-- SUPPLIED DATA --
╭──
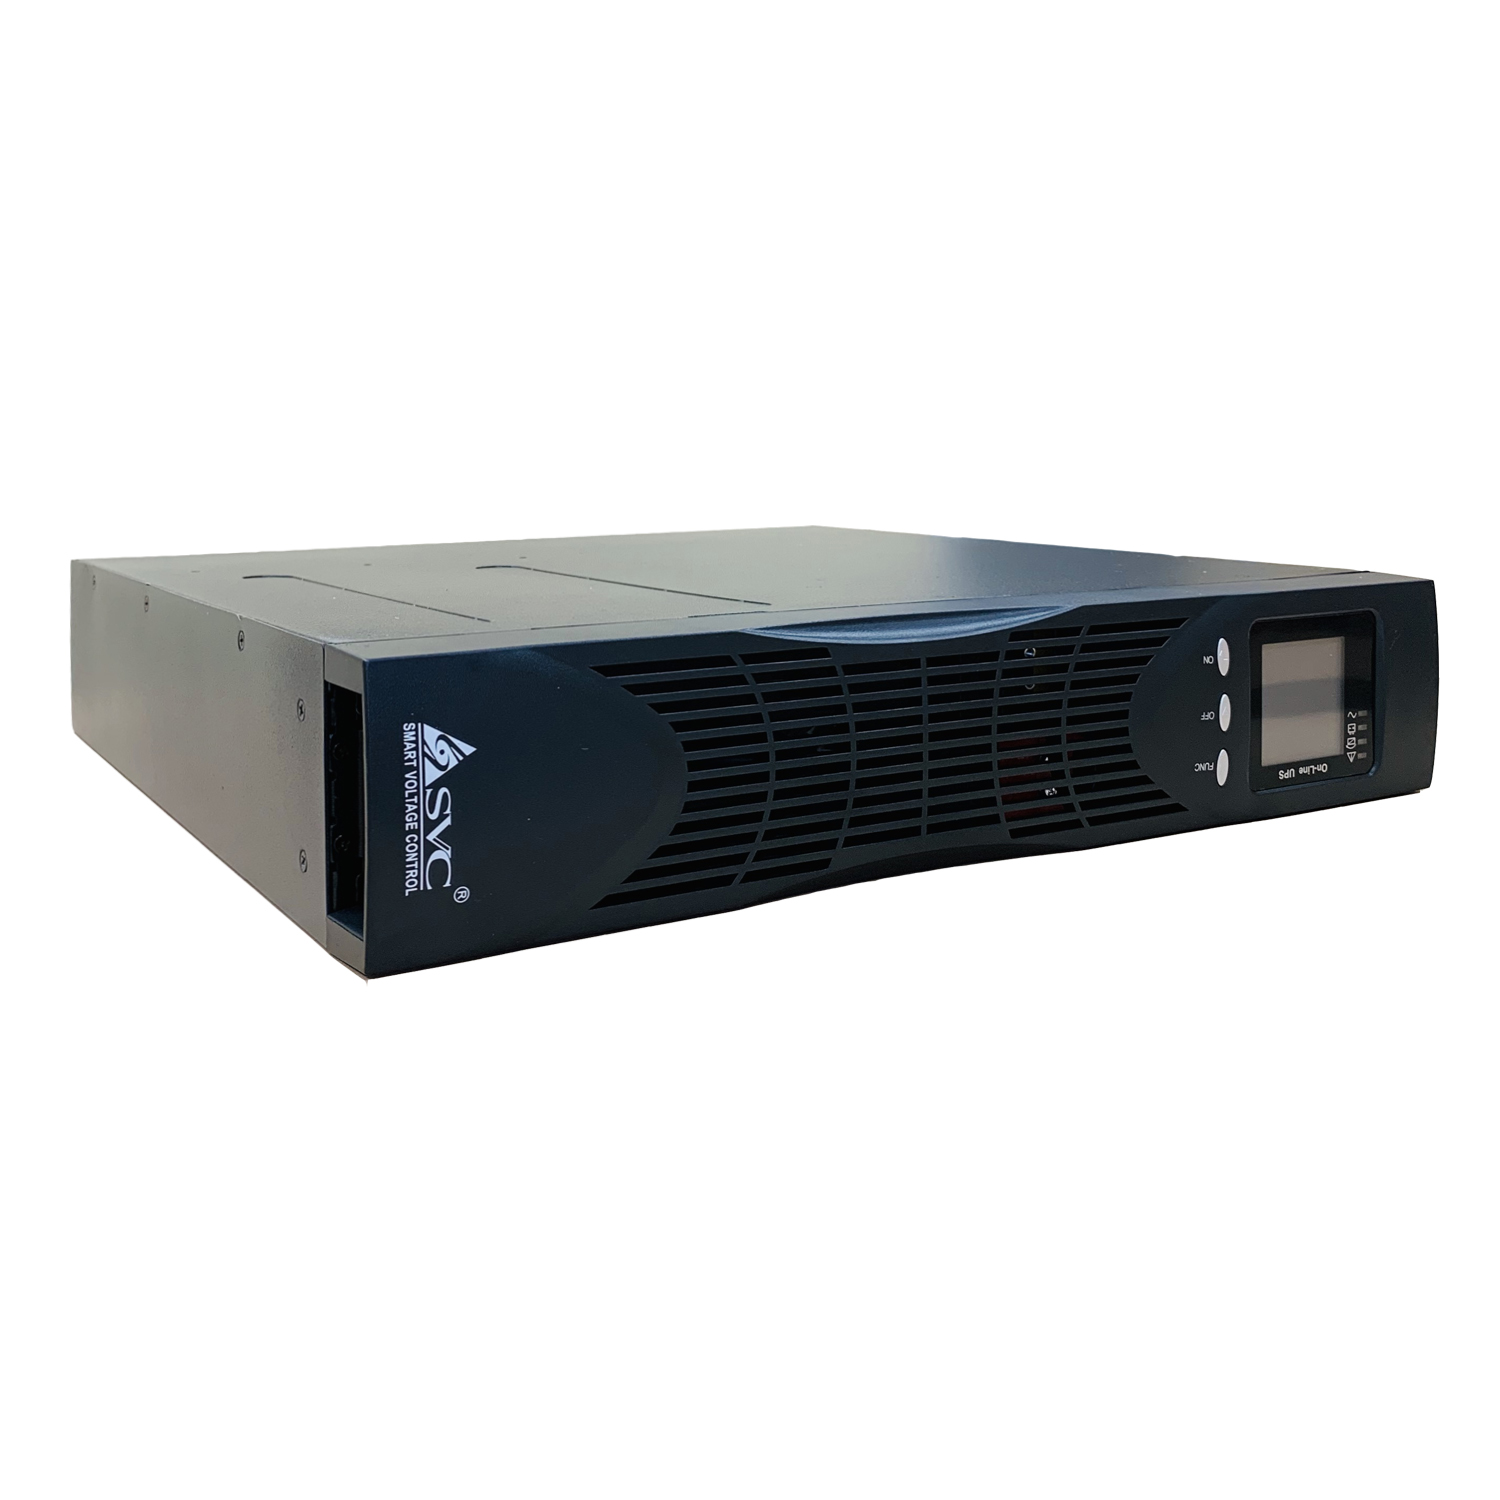 ИБП SVC TRX11-2KL-LCD/AS09SC, 2000VA, 1800W, EURO, розеток - 2, USB, черный (TRX11-2KL-LCD/AS09SC)
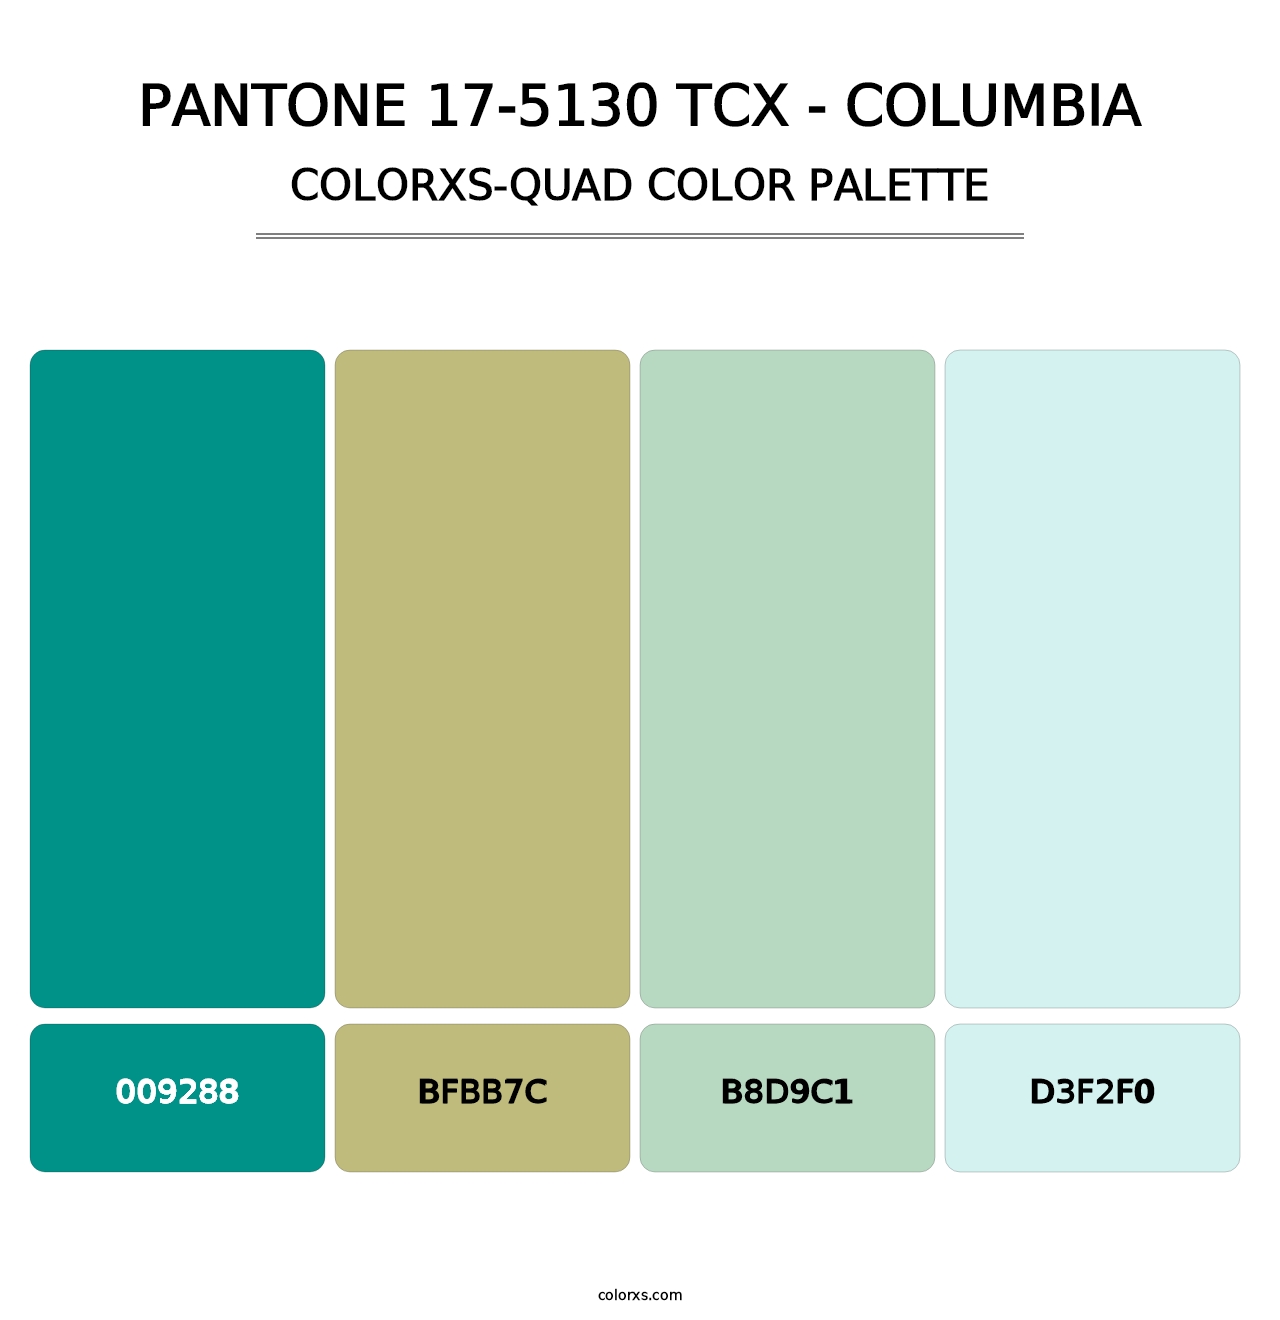 PANTONE 17-5130 TCX - Columbia - Colorxs Quad Palette
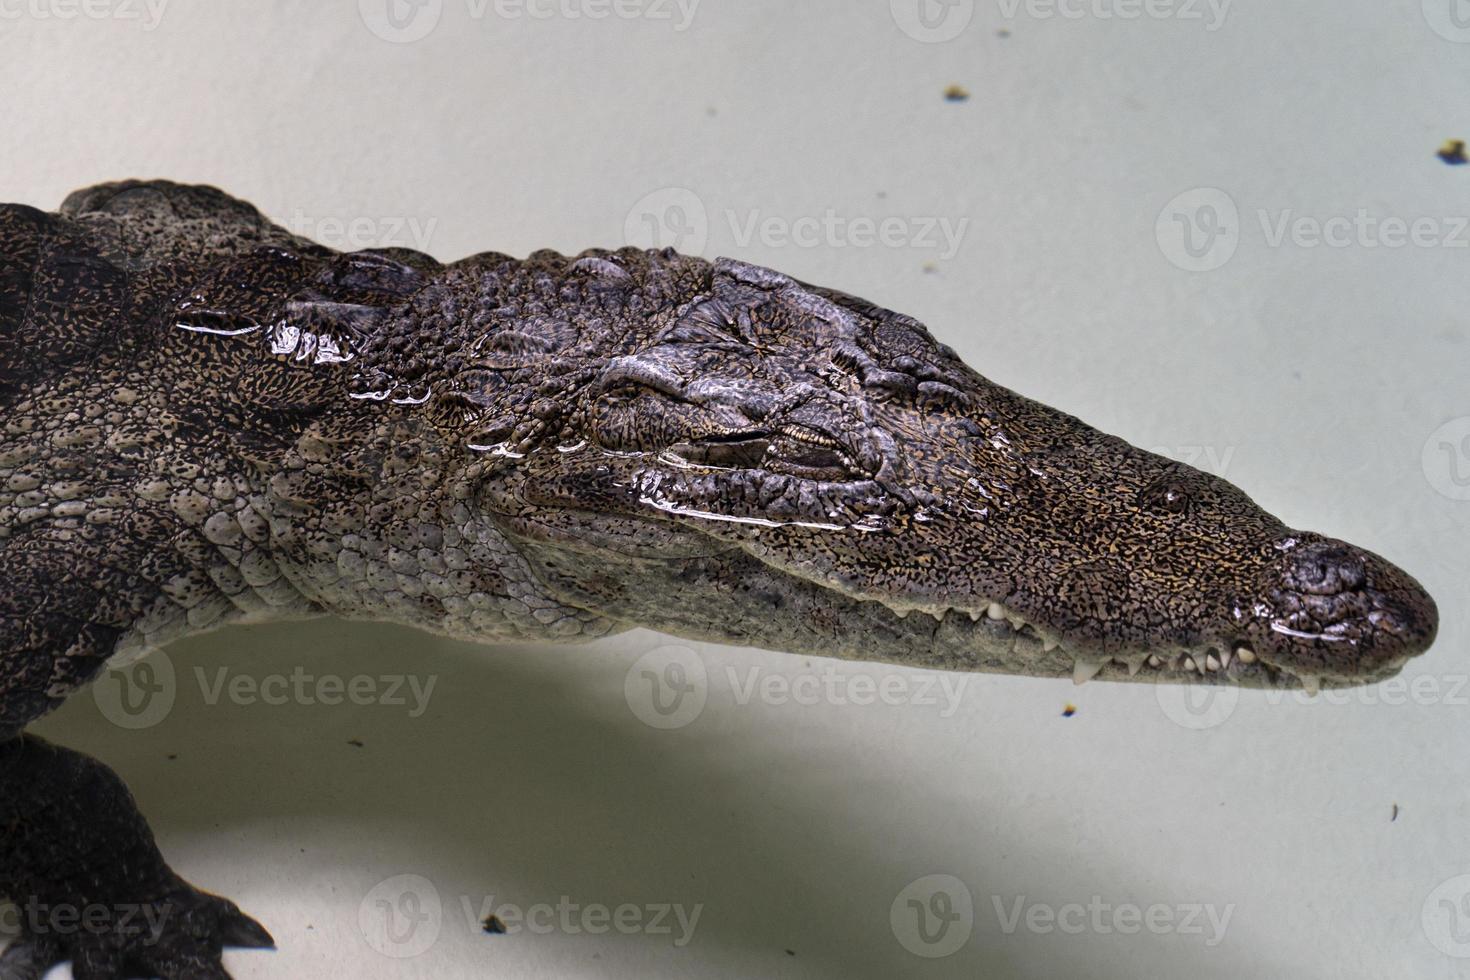 West-Afrikaanse krokodil foto
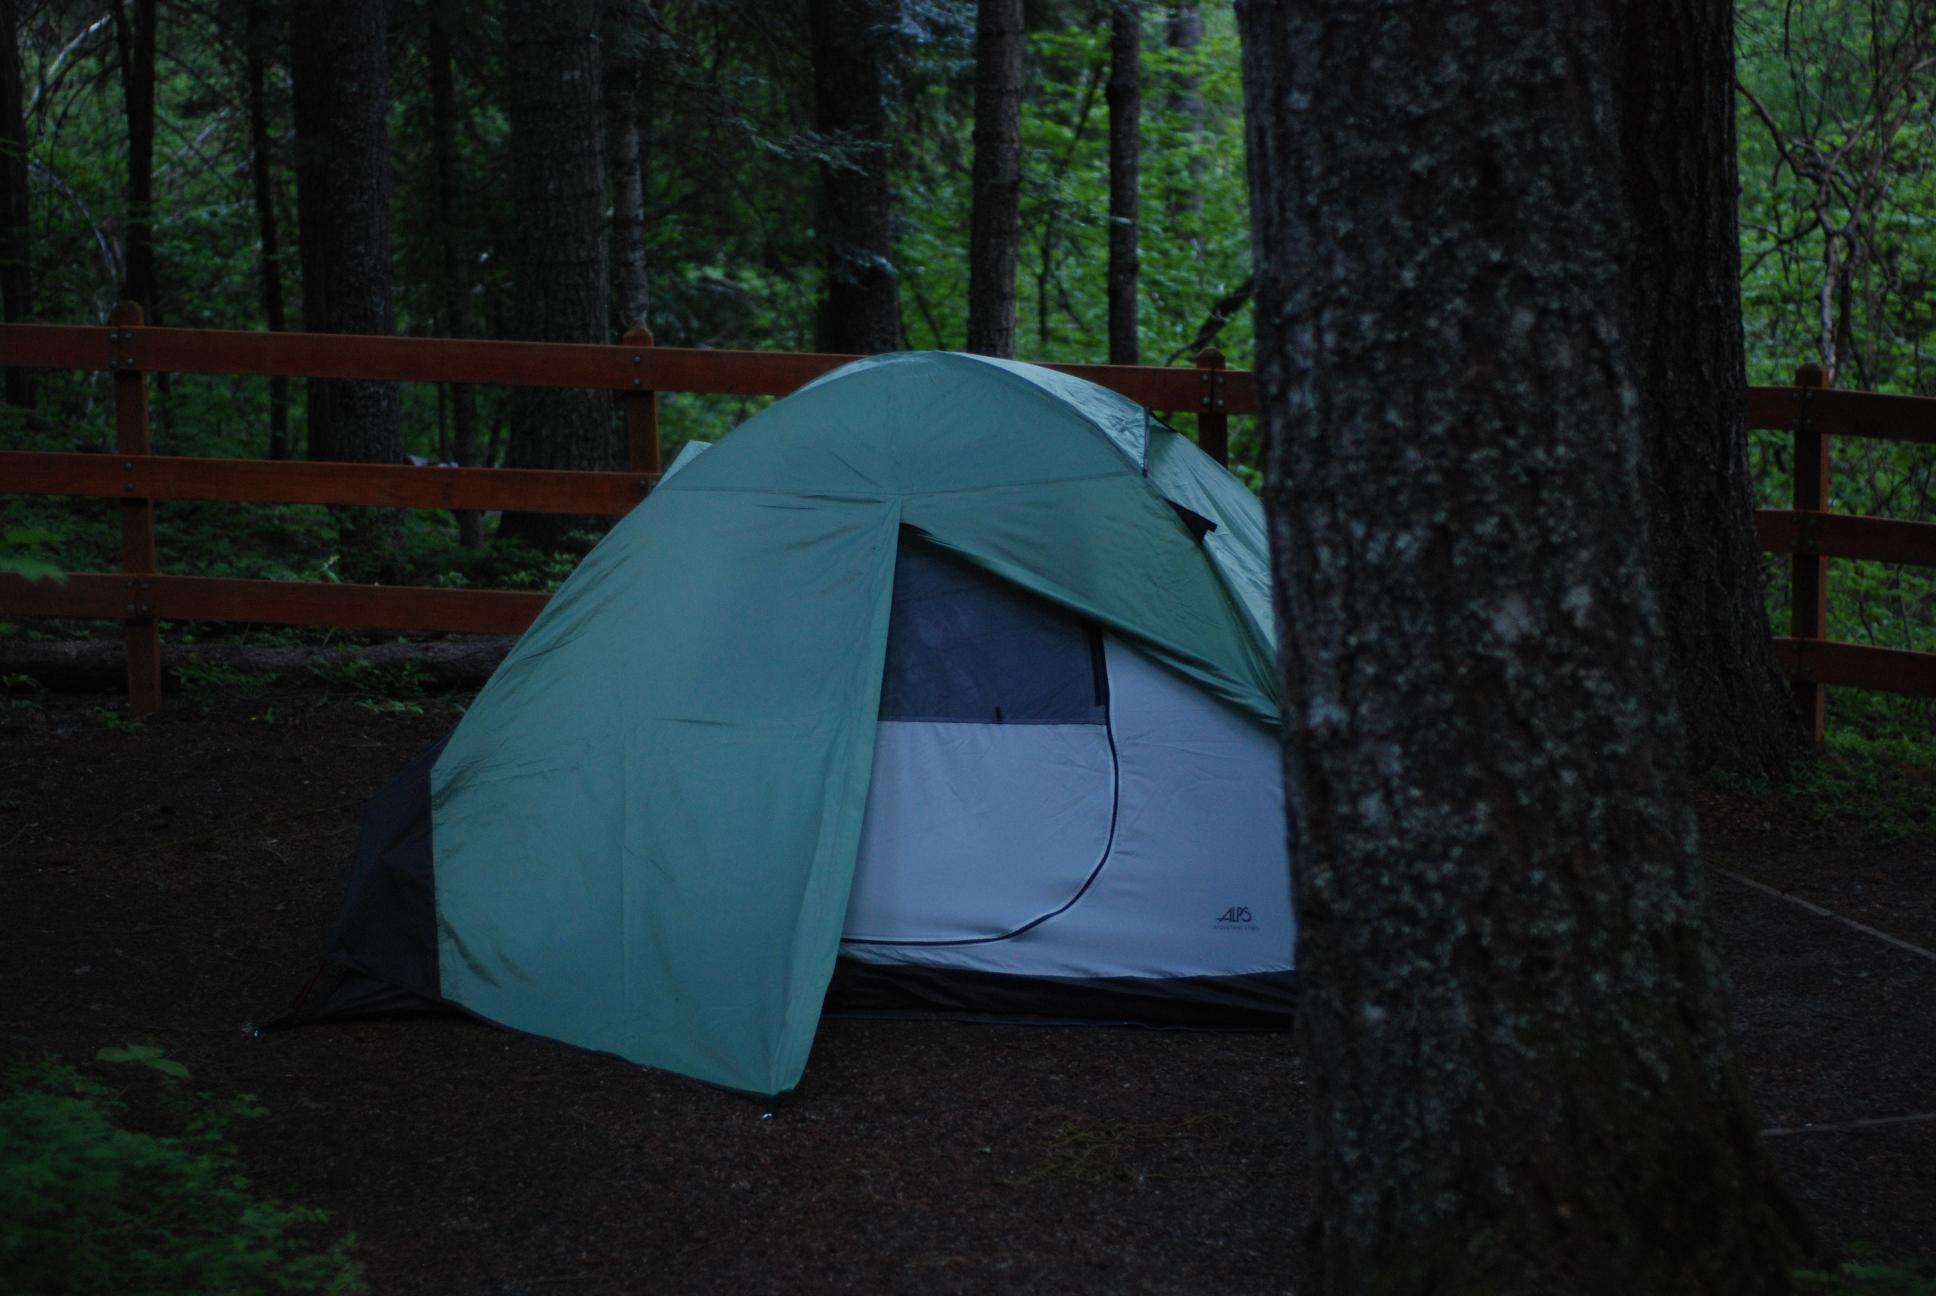 Tent || NIKON D80/50mm f/1.8@50 | 1/25s | f1.8 | ISO400 || 2008-05-30 20:52:39
╰──
Reproduce the listing exactly. Leave its pictures out.

 ИБП SVC TRX11-2KL-LCD/AS09SC, 2000VA, 1800W, EURO, розеток - 2, USB, черный (TRX11-2KL-LCD/AS09SC)
 PANTONE 17-5130 TCX - Columbia - Colorxs Quad Palette
 West-Afrikaanse krokodil foto
 Tent || NIKON D80/50mm f/1.8@50 | 1/25s | f1.8 | ISO400 || 2008-05-30 20:52:39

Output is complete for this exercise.